If, for example, a teacher is struck by how stupid he feels after talking with a student, he could wonder if the student might actually feel stupid herself. If so, what can the teacher do to address that insecurity in the student? The move the teacher makes based on this hypothesis could turn a resistant student into a much more willing learner AND relieve the teacher of an emotion that wasn’t his in the first place.
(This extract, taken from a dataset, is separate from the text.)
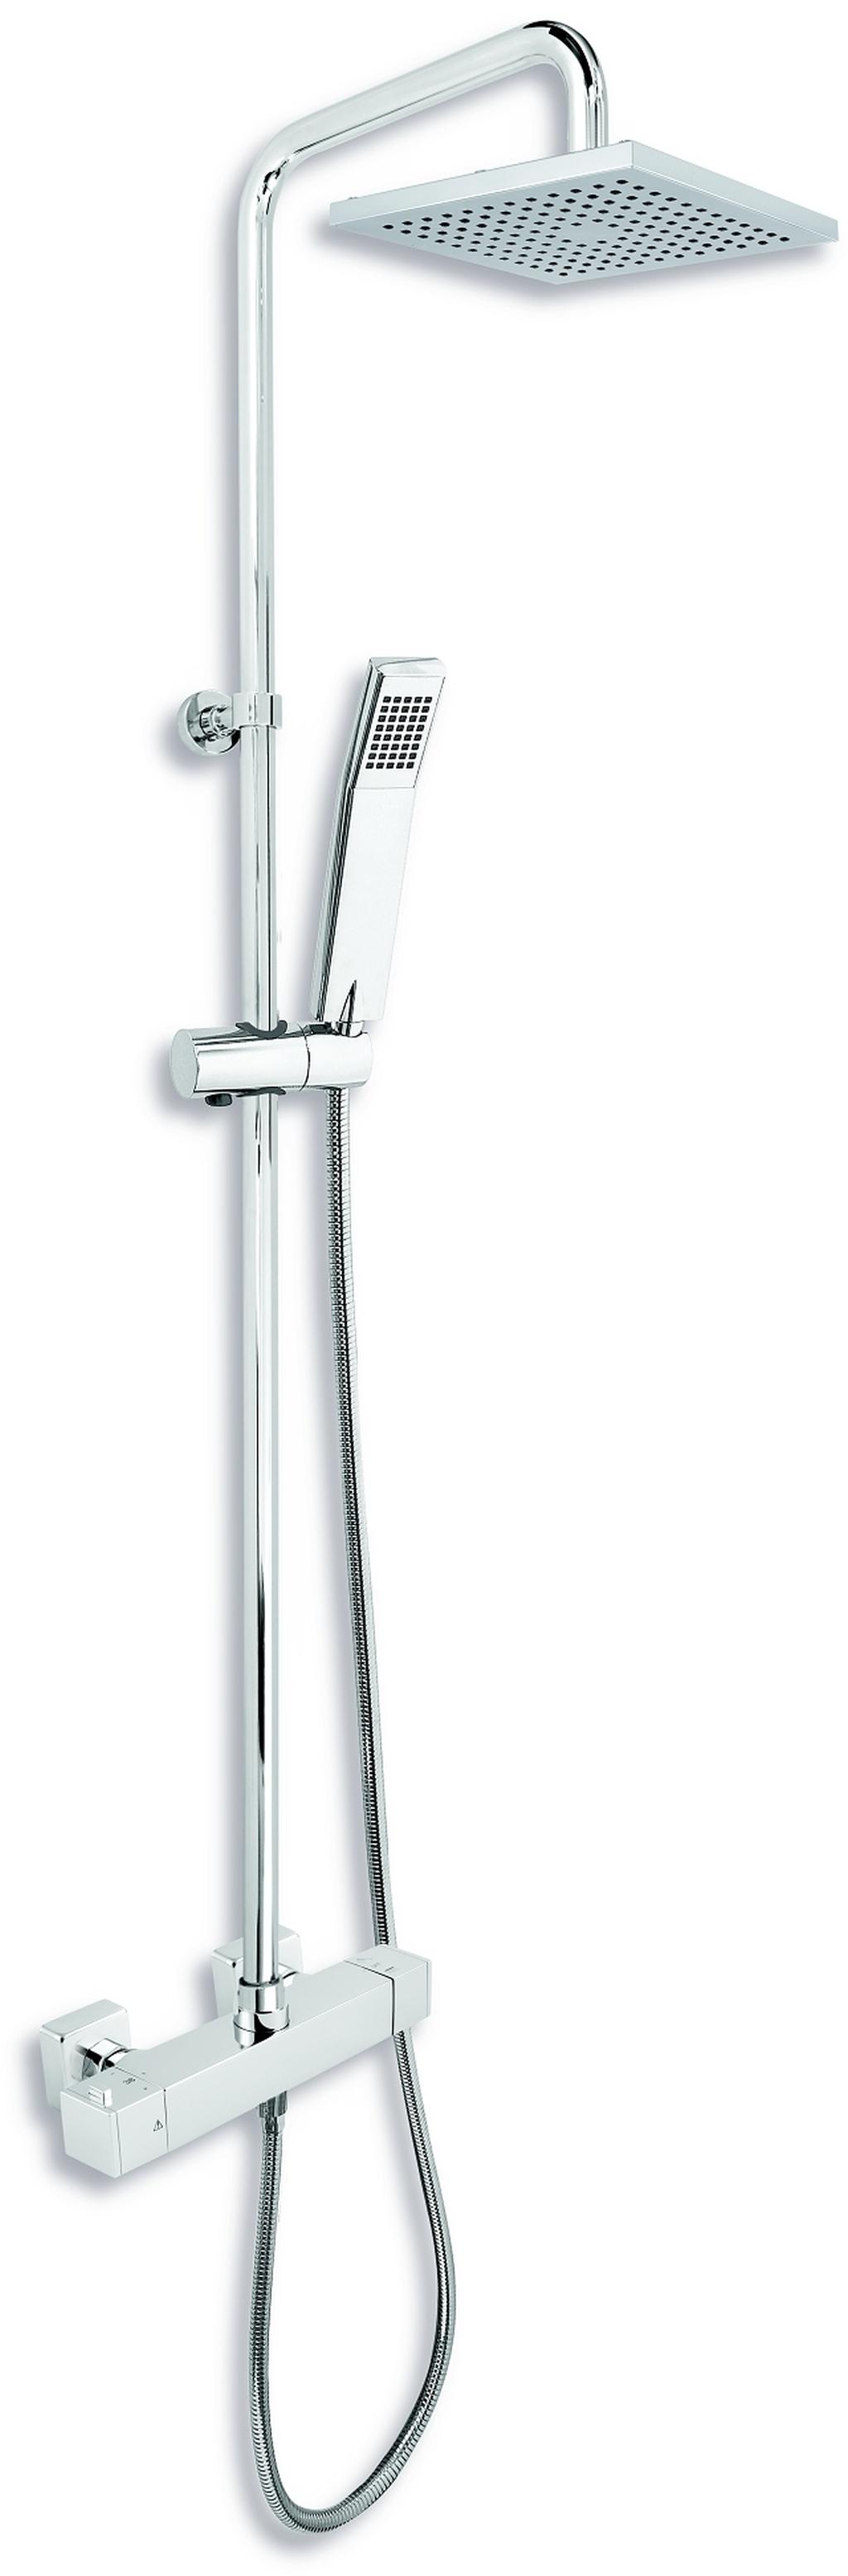 NOVASERVIS Sprchová souprava včetně termostatické baterie SADA2862

What’s going on in the relationship. Emotions can seem like private experiences, but, in fact, they emerge from relationships. Sometimes they are vestiges of old relationships, as when a feeling — say, shame — that seems inappropriate in the present context nonetheless overtakes you. When that happens, chances are good that there’s something about the present situation that reminds you (usually unconsciously) of influential past relationships. Your unexamined emotions and actions can replicate those old relationships automatically, for better and for worse.

A lot of the time, though, emotions are associated with what is going on relationally right here and now. Are you anxious about a student’s tanking grade? Are you frustrated by a student’s passivity? Does a student’s chronic whining make your skin crawl? Such feelings point to the varied and very interesting ways in which people — parent-child, teacher-student, parent-teacher — fit with each other in relationship. Attending to emotions can help illuminate the workings, or dynamics, of these relationships. Attending to the dynamics of relationships can lead to ideas about how to make the relationships better. And in a classroom, where learning depends on relationships, knowing how to make relationships better is a crucial skill.

All this to say: Absolutely. Teachers should want to not feel. It’s hard to feel.

But, gosh DARN it, feeling is crucial.

“Psychologizing” the Classroom

grit photo“Psychologizing,” or taking the psychological point of view, is helpful in domestic policy and in the classroom.

Paul Tough, author of How Children Succeed: Grit, Curiosity, and the Hidden Power of Character, is interviewed in the podcast from “This American Life” that I recommended last week. He’s also mentioned in a recent New York times op ed by David Brooks. I haven’t read Tough’s book yet, but the things that are being said about it are interesting and well worth considering.

I applaud what Brooks calls “the psychologizing of domestic policy,” as I know how fundamental psychic structure is to all behavior and relationships, whether at home, in school, in Congress, in the board room, or in negotiations between countries. We are structured to behave the way we behave, and early trauma, as Brooks (and Tough) point out, can affect that behavior into and through adulthood. Attention to students’ psychic structures — to the ways they relate to each other, to teachers, and to content — is absolutely critical to helping them learn and grow.

But teachers deserve and need that attention, too. Some teachers have experienced childhood trauma. Some teachers struggle with dysfunction, addiction, mental illness. Virtually all teachers, at one time or another, are weighed down by stress. That is, teachers are human, too.

So attention to teachers‘ psychic structures — to the ways they relate to each other, to students, to parents, to content — is also absolutely critical if they are going to be able to help students learn and grow.

Absolutely: Let’s support students in overcoming the psychological obstacles that keep them from succeeding in school and later in life. And, because this work can be difficult and draining, let’s support teachers in supporting their students. Let’s psychologize the classroom.